#  Other Applications & Softwares  > Word Formatting & General >  >  How to indicate changes by a line in margin

## xyz123

Hi

I am using word 2003 and word 2007 both for different projects. i need to use both so will probably need an answer for both the versions.

We issue purchase orders regularly. Once its issued, the next revision has to show the changes through a bar (or line) in the right hand side margin against the change and also show a triangle identifying which revision has had the changes done (as there would be more than one revision of the document).

How do i do this? is it through tracked changes? i tried searching word help but not sure how to do it, especially the line part. i know the triangle will probably have to be put manually but i was hoping that the line would be automatic!

thanks

----------


## snb

Menu bar/extra/tracking changes/mark changes

----------


## xyz123

sorry for delayed response!, but i still need help with the query.

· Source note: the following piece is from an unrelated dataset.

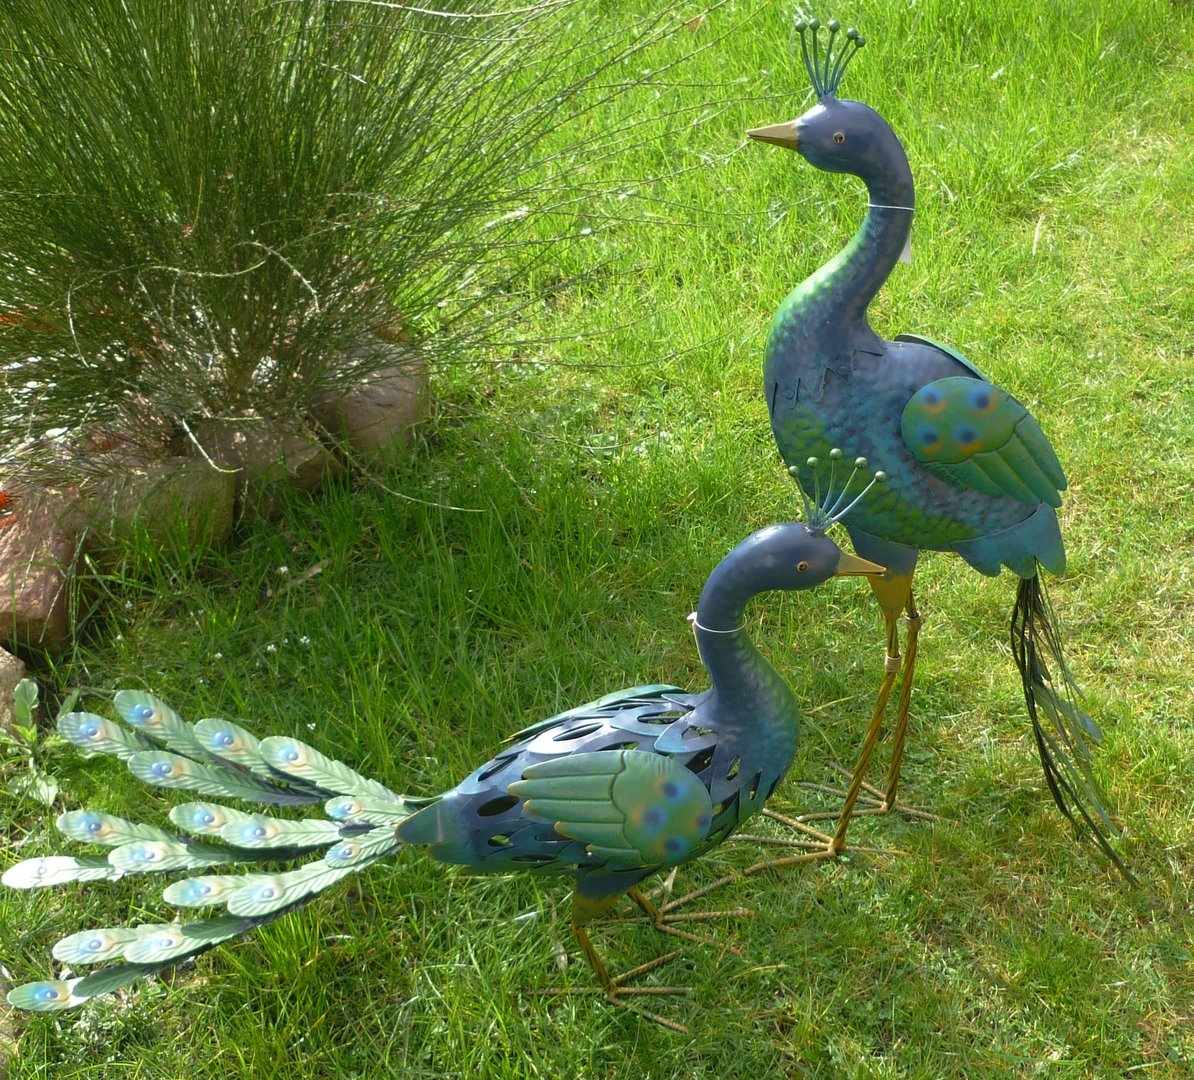 Gartenfigur 2er set pfau metall figur bunt deko vogel for Deko vogel garten

what i need to do is this:

every change that i make to the document i need to put a line in the right hand side margin to indicate a change has been made in that line. I dont need to show what change has been made, just that a change has been made.

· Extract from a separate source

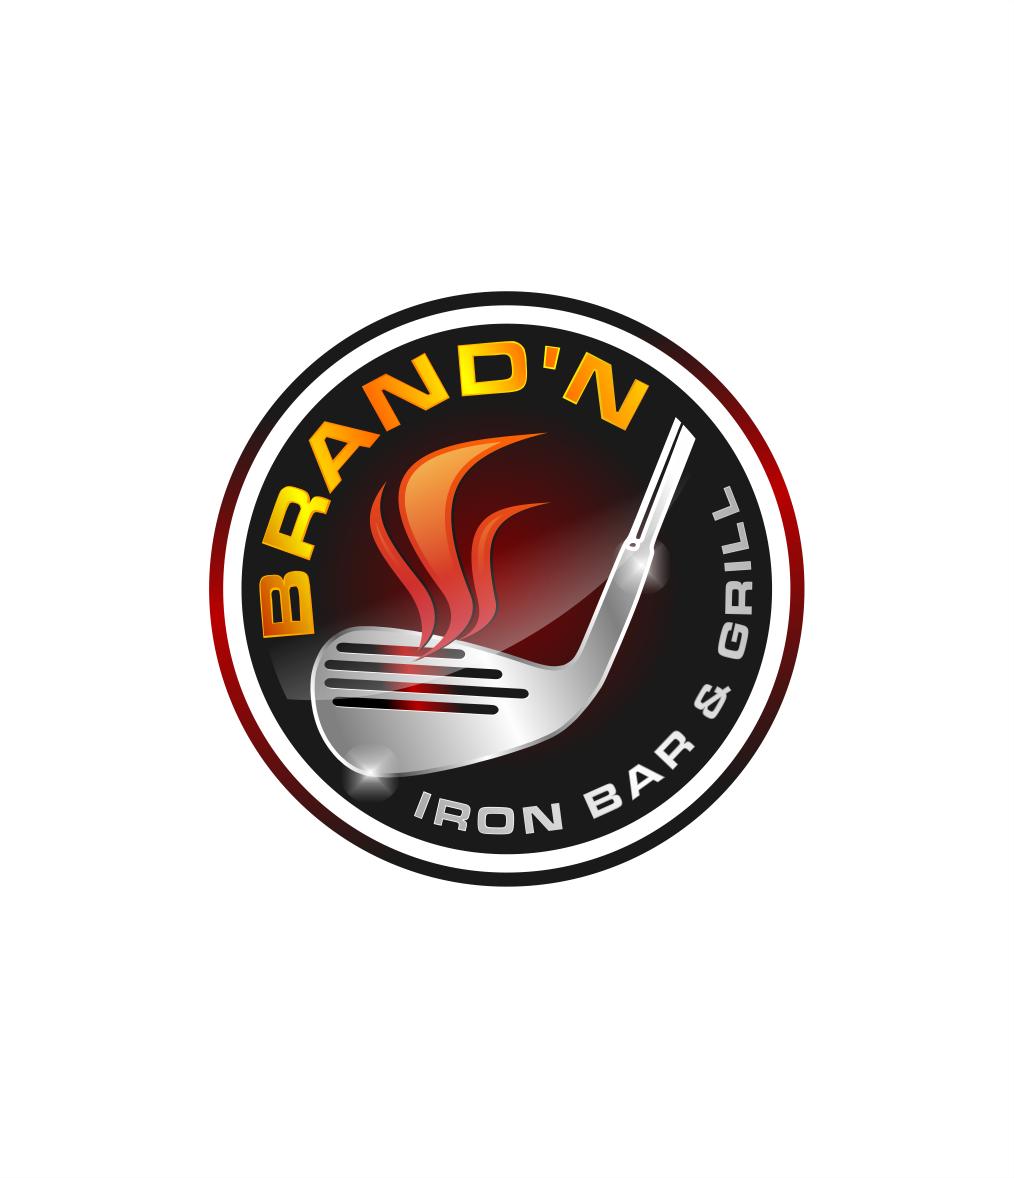 Logo Design by Raymond Garcia - Entry No. 225 in the Logo Design Contest Captivating Logo Design for Brand'n Iron Bar & Grill.

I tried to do what others have said but i cant seem to get my head around it. i have played with few options (such as showing changes inline etc) but i dont know how to do this. especially two requirements that i have:

1- that the line in margin appears on right hand side of the bar. currently when i do changes all lines are in left hand side of the margin
2- how do i finally print document with only the line in margin prints with final text rather than all the actual change (e.g. deletions).....

thanks a lot

----------